Does anyone know if avian-x is coming out with a full body snow? would like to see them because the honkers look awesome.


----------



## Horker23 (Mar 2, 2006)

Yes they are!


----------



## wyogoose (Feb 11, 2006)

Yup they are being worked on as we speak. Freddy should have them soon. They should be awesome.


----------



## SDlockup (Oct 18, 2011)

I cant wait to see these i wonderhow their price tag will look


----------



## Horker23 (Mar 2, 2006)

Hopefully he figures something diffent then his honkers because they would be a pain to deal with in the spring if they are built the same


----------



## TOPGUNR (Feb 26, 2008)

ive got 10 doz avian x canadas for sale, 4 dozen still in the box brand new PM if interested


----------



## Beavis (Jan 30, 2012)

could you imagine gluing the heads on 30 doz snow dekes? that would suck


----------



## shooteminthelips (Jun 13, 2007)

No diffrent the gluing the stakes in 50 dozen sillo socks or or screwing the heads on 50 dozen deadly's. Or dry wall screwing 30 dozen Avery heads on so they dont fall off all the time. And I have done all three of these. oke:


----------



## Beavis (Jan 30, 2012)

maybe its cuz you are hard on your equipment. never had a problem with that....and i dont baby my stuff either


----------



## GooseSlayer14 (Mar 15, 2010)

gluing in stakes and screwing on heads isnt being hard on your equipment......


----------



## avery16 (Jan 10, 2012)

Hopefully the snows do better then the canada's. :beer:


----------



## Beavis (Jan 30, 2012)

GooseSlayer14 said:


> gluing in stakes and screwing on heads isnt being hard on your equipment......
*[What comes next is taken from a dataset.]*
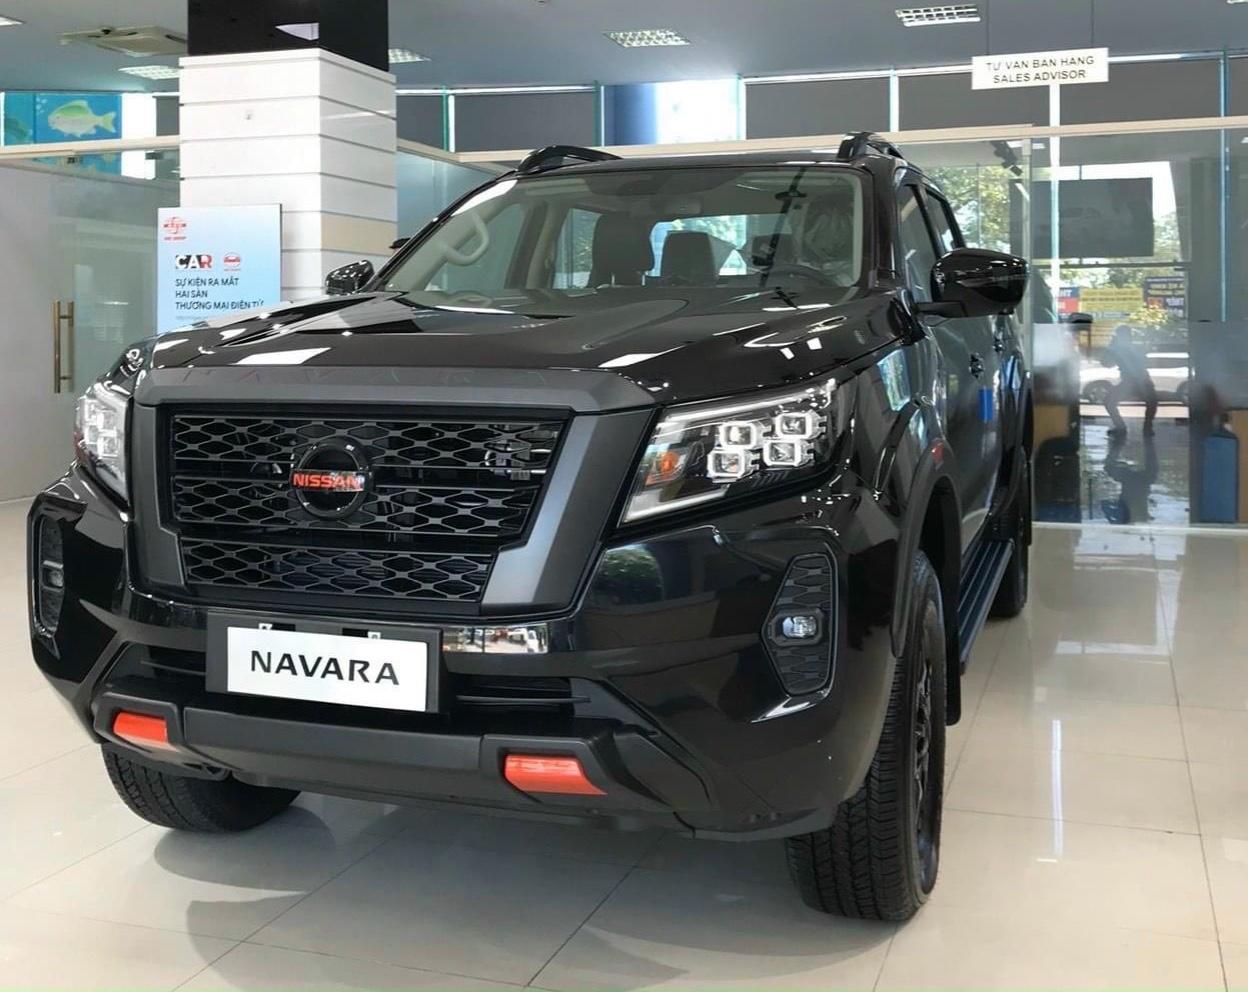 Bán tải Nissan Navara 2021

ive never screwed a head or glued a stake in my life...been hunting for 20 years


----------



## goosehunternd (Mar 10, 2006)

Get 600 Avery snows and I guarantee you will.


----------



## the professor (Oct 13, 2006)

goosehunternd said:


> Get 600 Avery snows and I guarantee you will.


or don't and have 300 without heads after a few hunts. :lol:


----------



## Beavis (Jan 30, 2012)

or dont decoy snows all together...worked well for me the last 8 years


----------